[What to produce] Quote each line of the material verbatim, without the pictures.

[Source material]
########

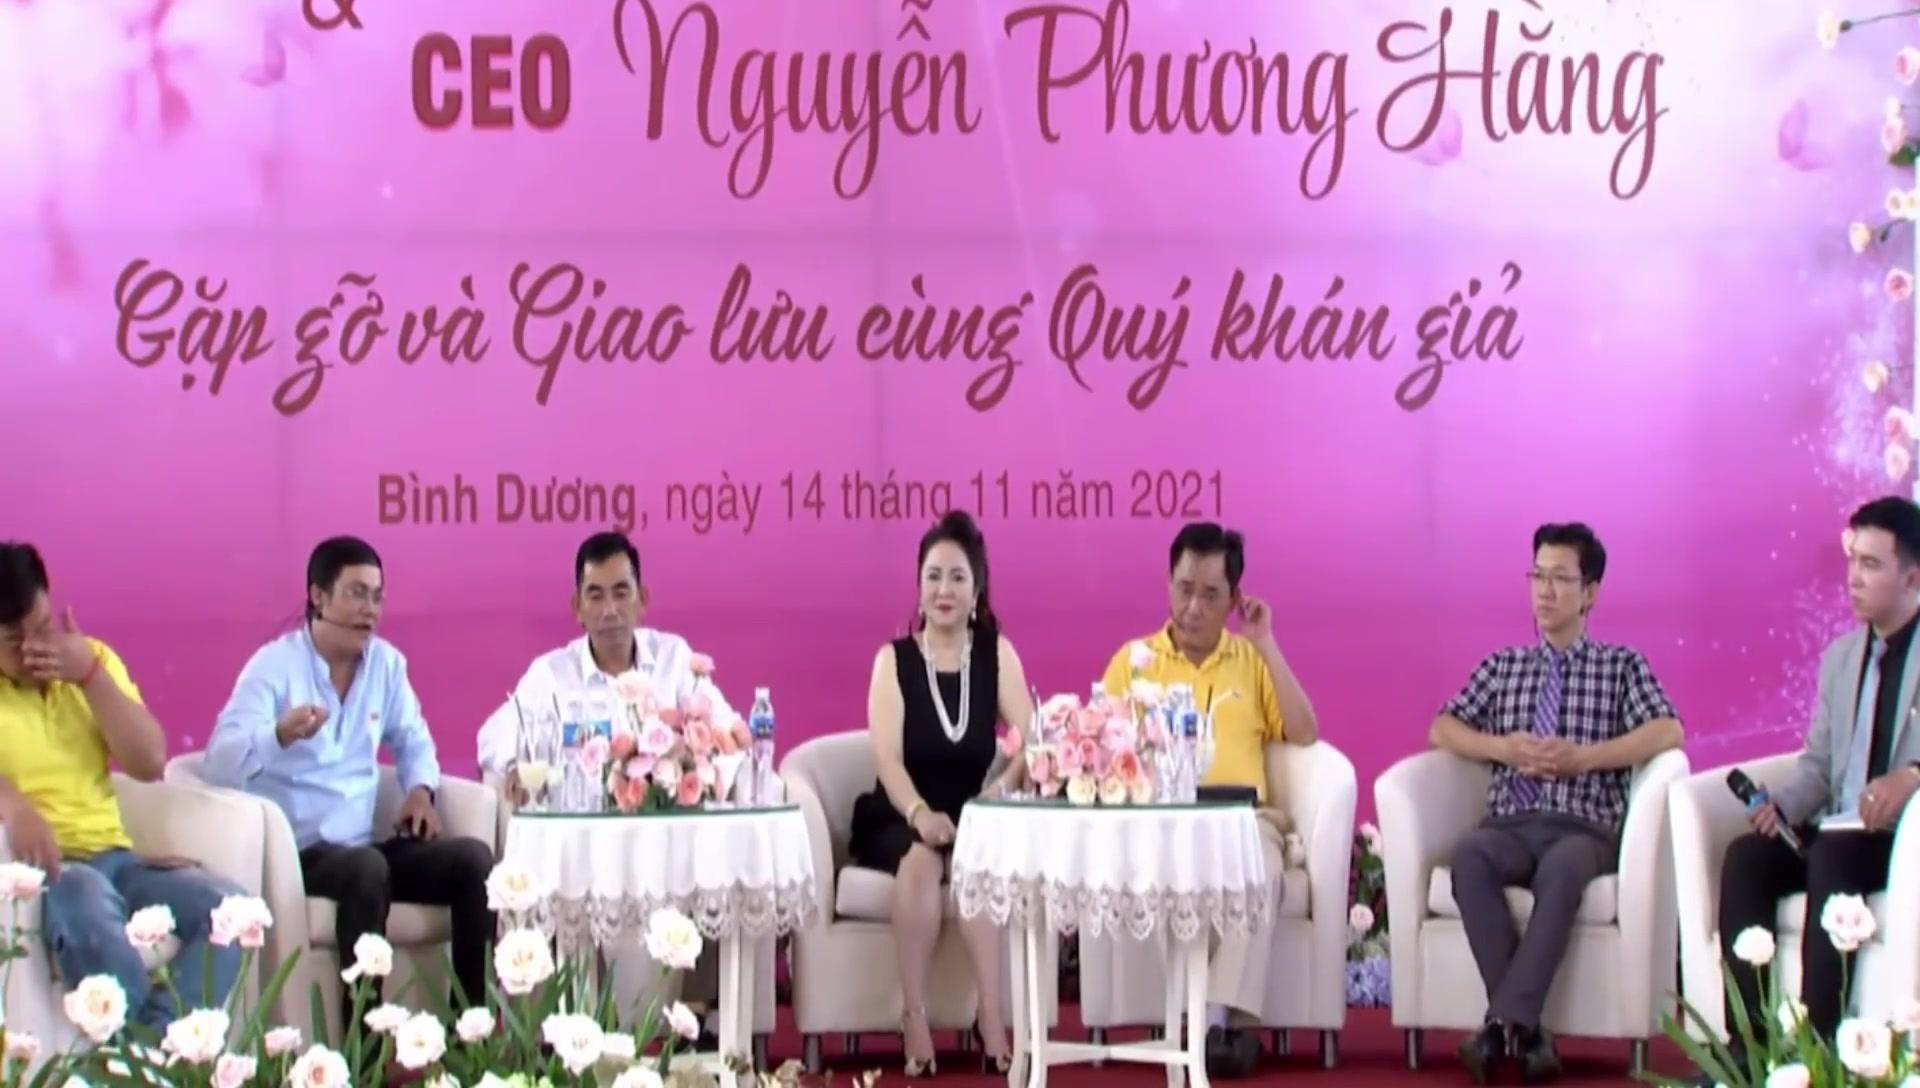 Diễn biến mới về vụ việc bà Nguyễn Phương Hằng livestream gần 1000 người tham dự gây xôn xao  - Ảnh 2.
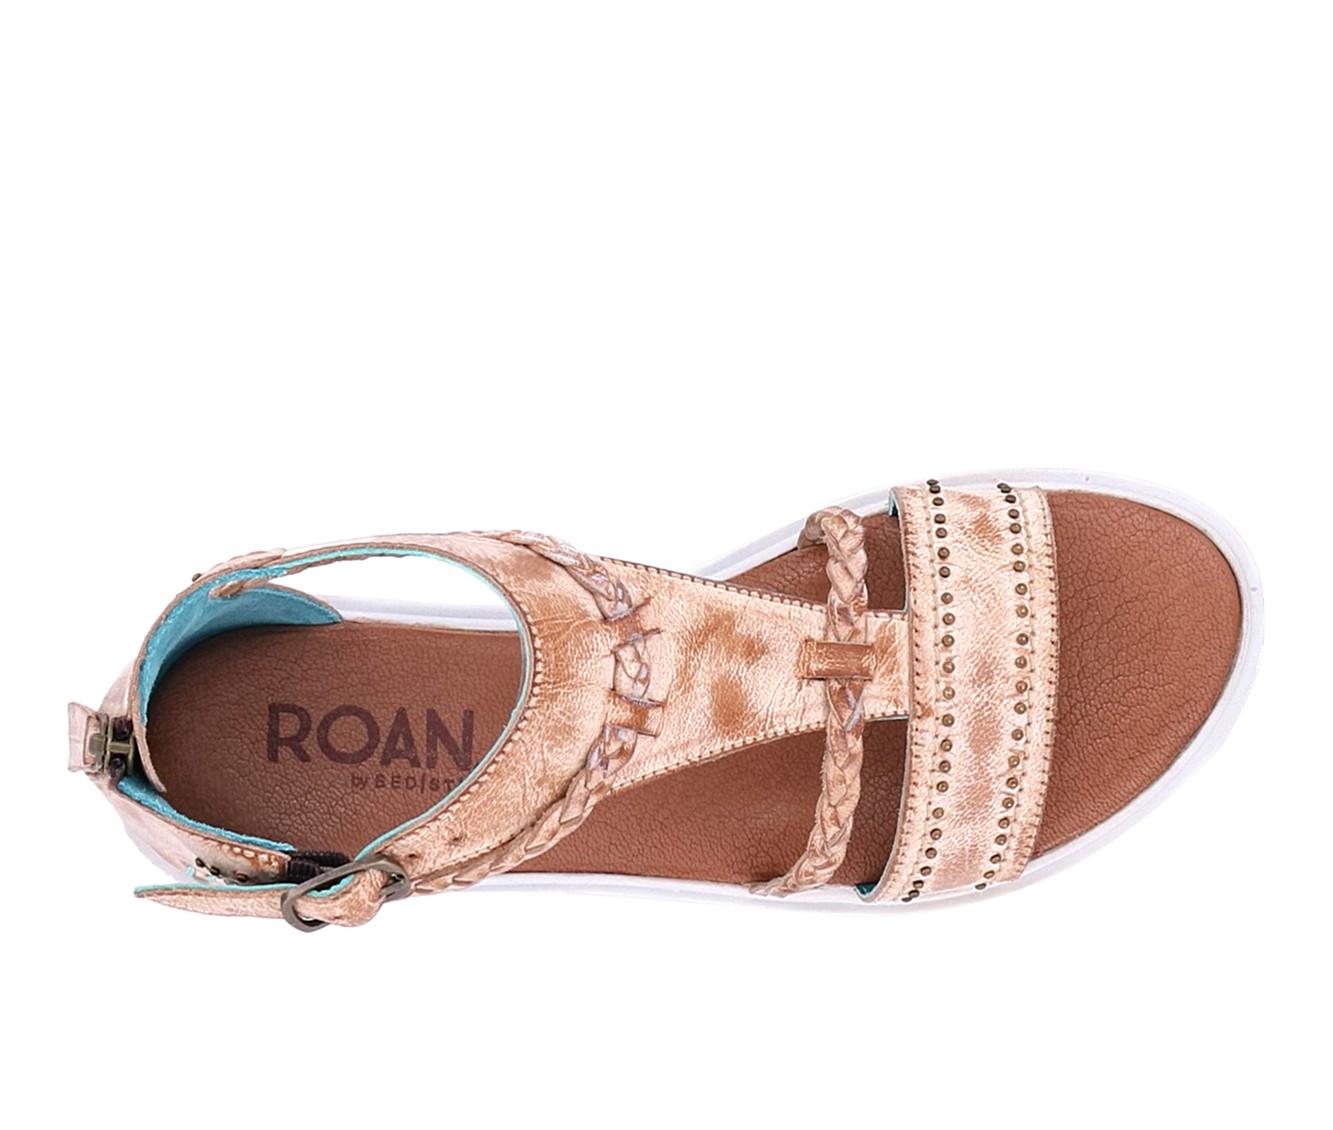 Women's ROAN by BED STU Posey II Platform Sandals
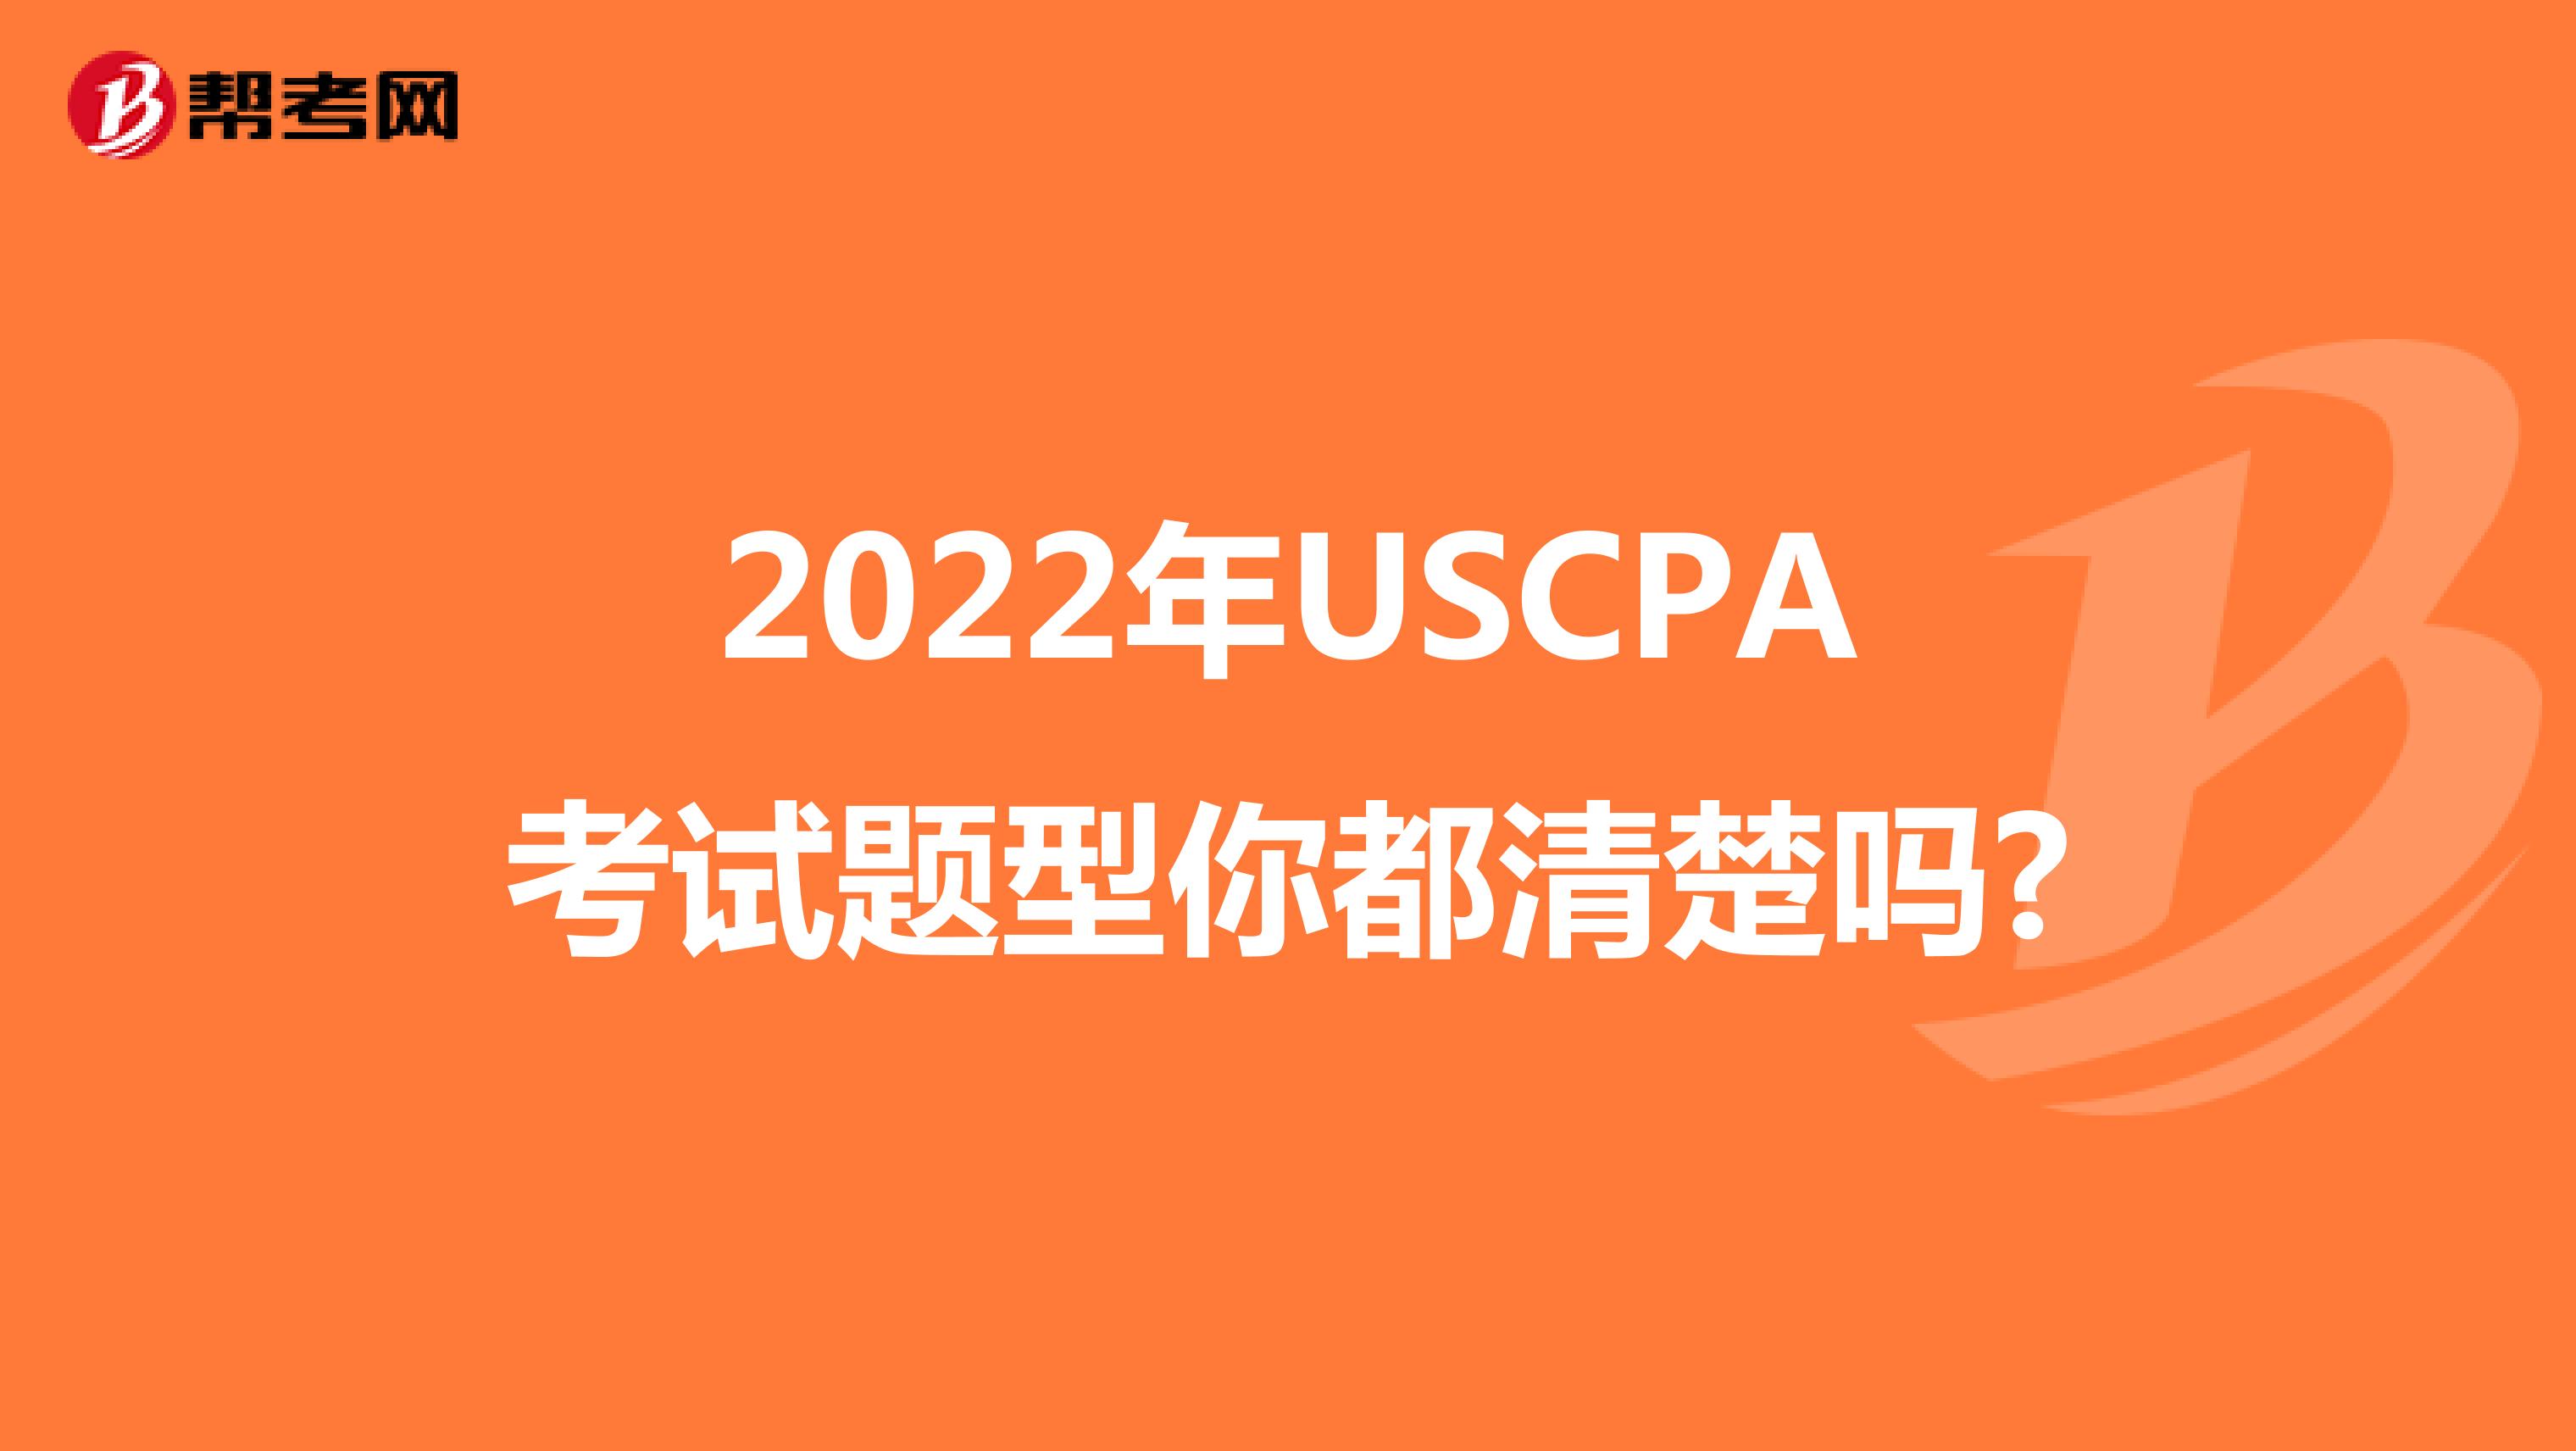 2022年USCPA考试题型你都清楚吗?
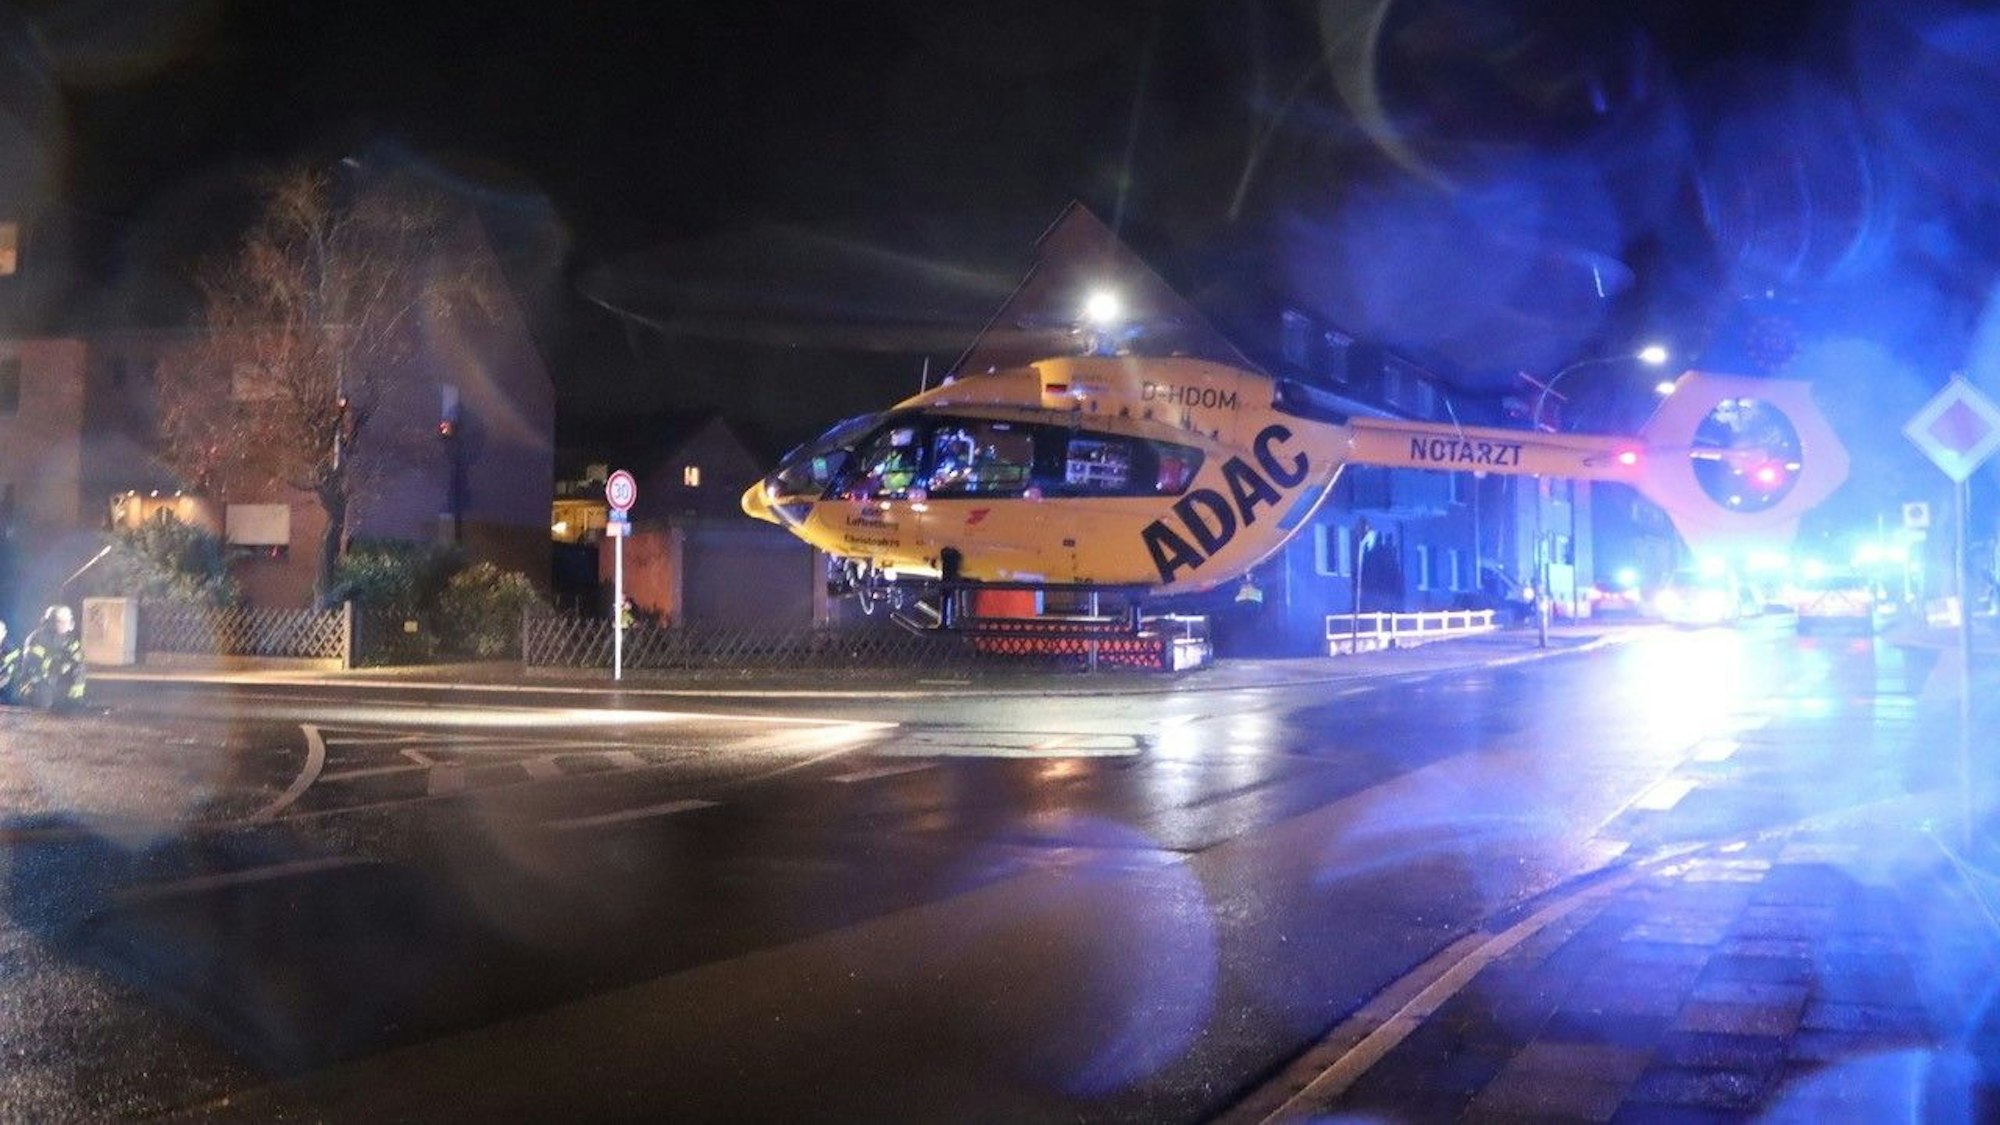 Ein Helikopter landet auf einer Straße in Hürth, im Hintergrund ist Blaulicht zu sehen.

########

[Task response]
 Diễn biến mới về vụ việc bà Nguyễn Phương Hằng livestream gần 1000 người tham dự gây xôn xao  - Ảnh 2.
 Women's ROAN by BED STU Posey II Platform Sandals
 2022年USCPA考试题型你都清楚吗?
 Ein Helikopter landet auf einer Straße in Hürth, im Hintergrund ist Blaulicht zu sehen.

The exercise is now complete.